▶ INPUT DATA
↓↓↓

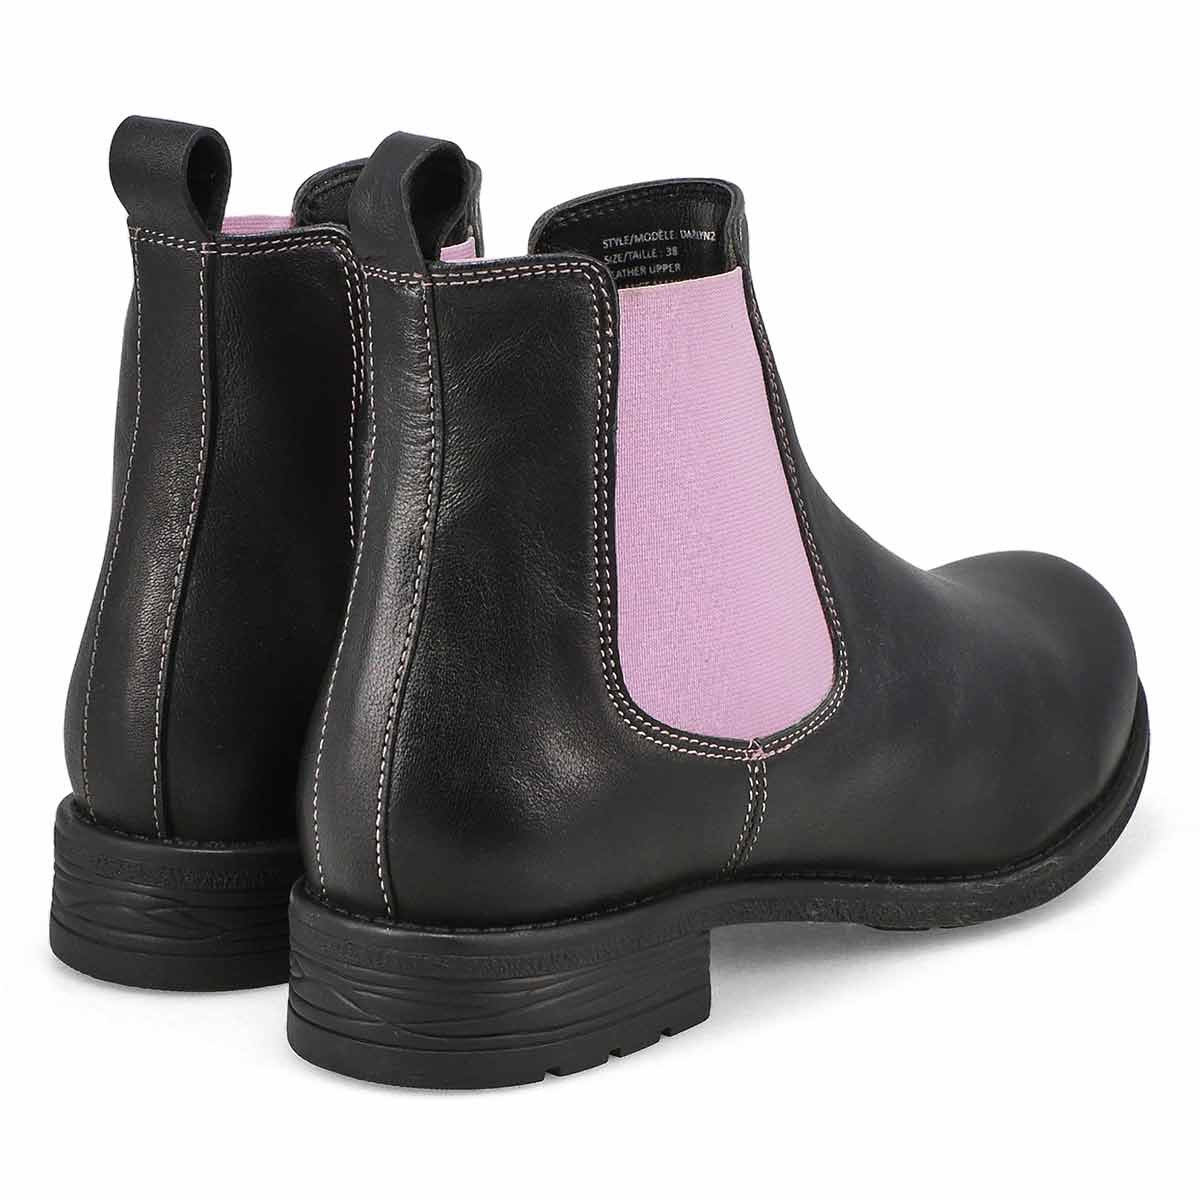 Women's Darilyn 2 Leather Chelsea Boot - Black/Mauve
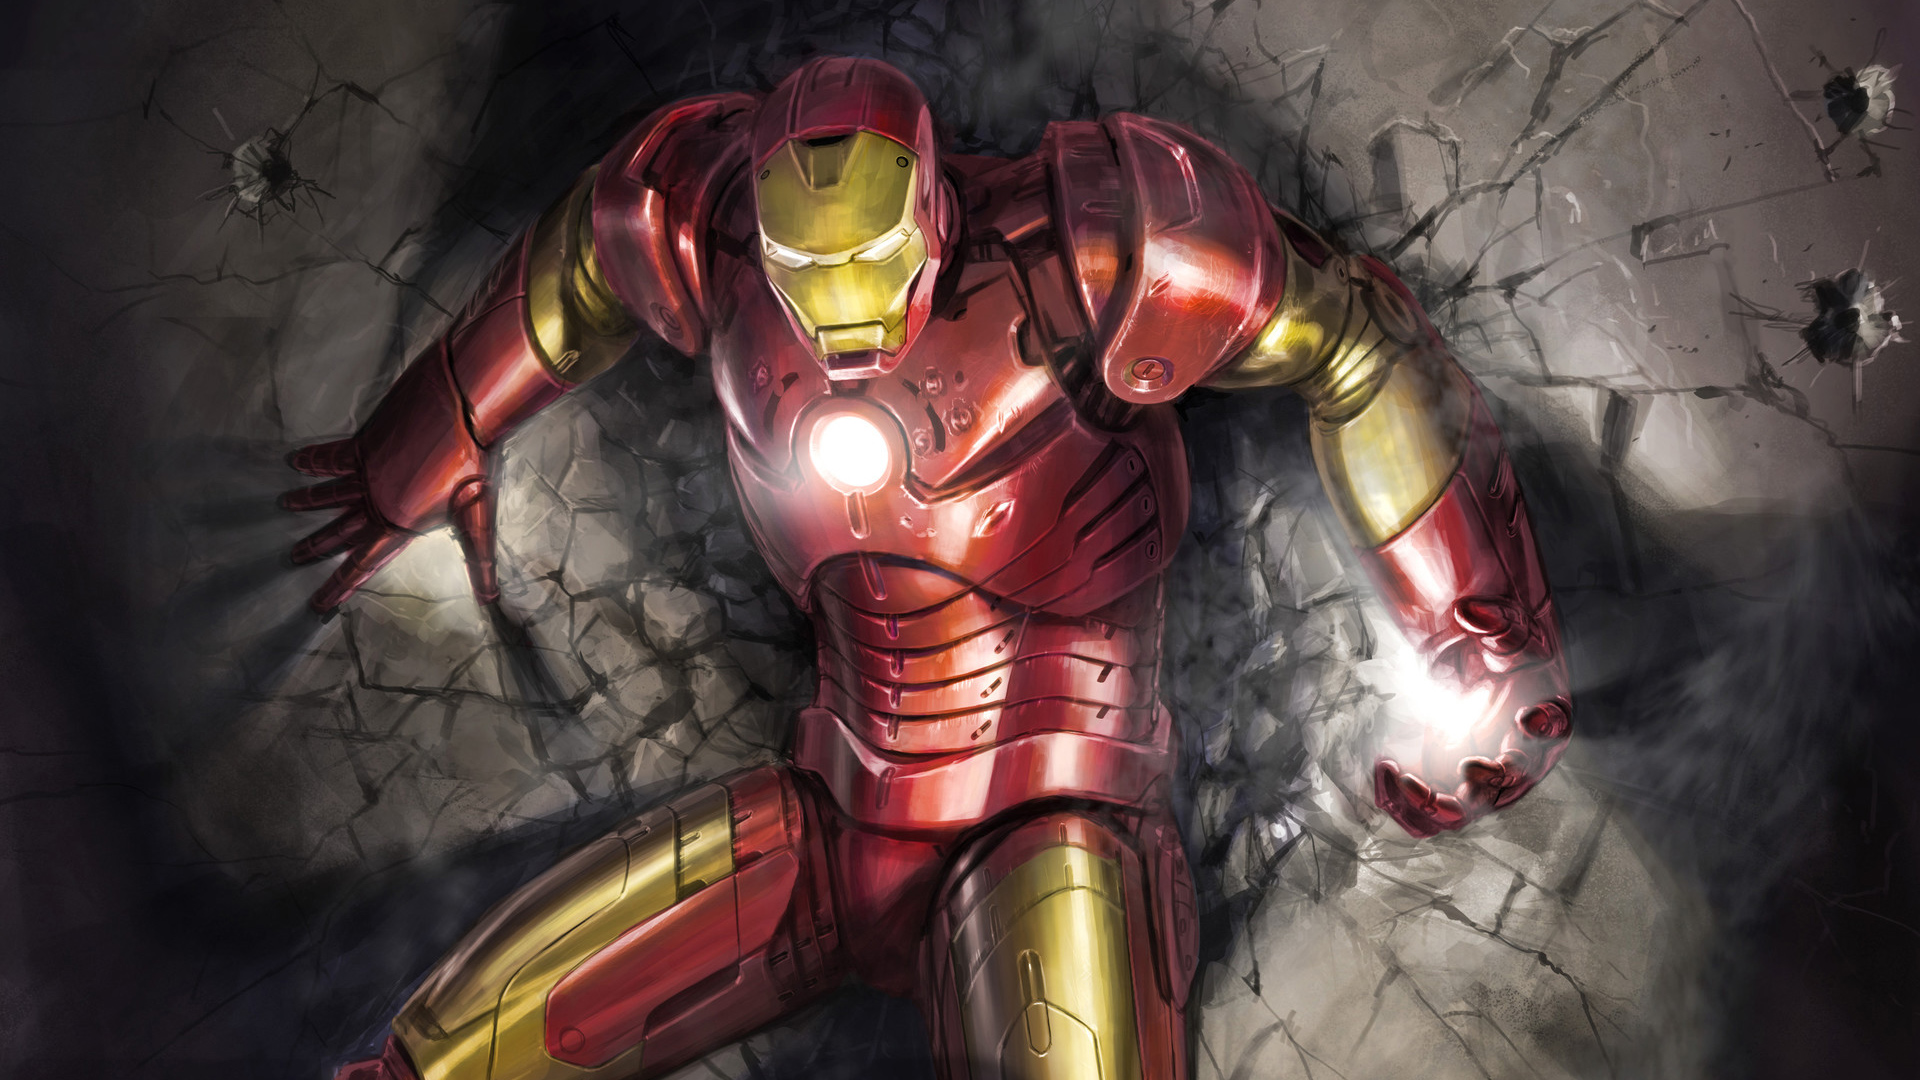 Wallpapers Iron Man movies rendering on the desktop
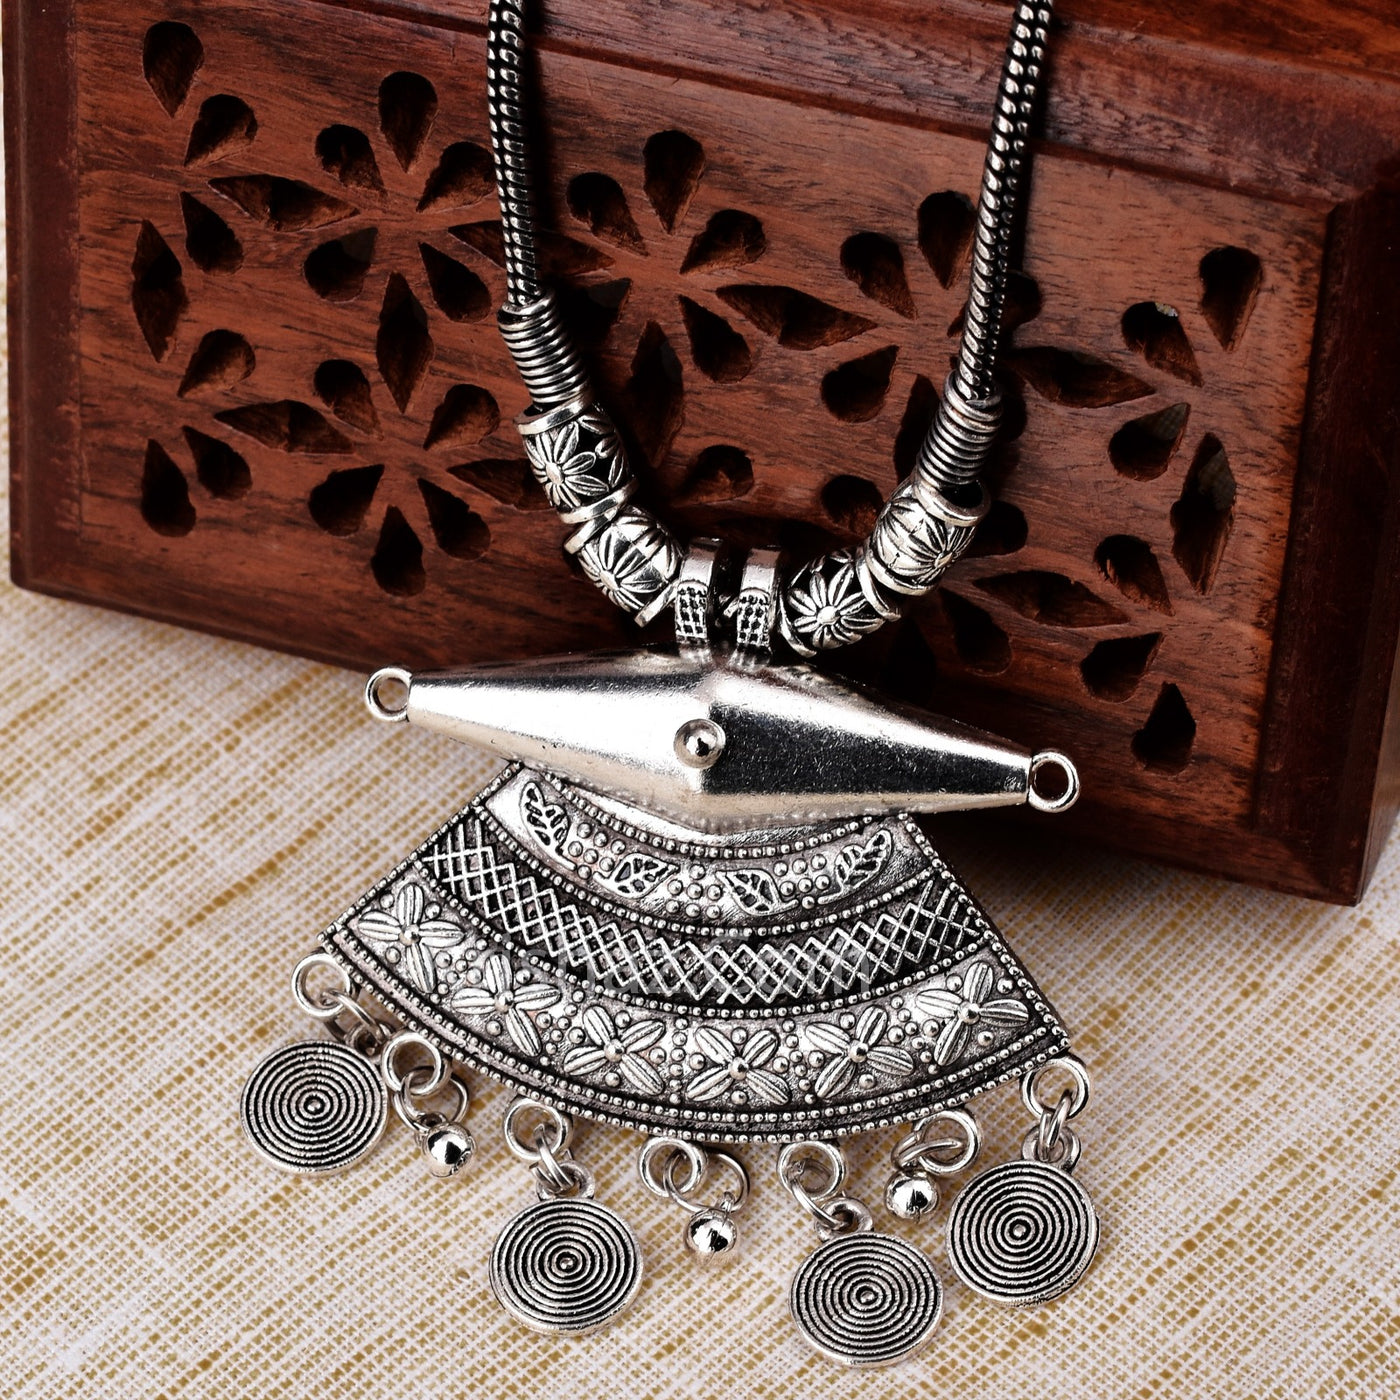 Designer Oxidized Silver Kolhapuri Long Pendant Necklace

↑↑↑

▶ TASK OBJECTIVE
Every line of the listing above is to be repeated exactly, with its pictures left out.

▶ RESPONSE AREA
 Women's Darilyn 2 Leather Chelsea Boot - Black/Mauve
 Wallpapers Iron Man movies rendering on the desktop
 Designer Oxidized Silver Kolhapuri Long Pendant Necklace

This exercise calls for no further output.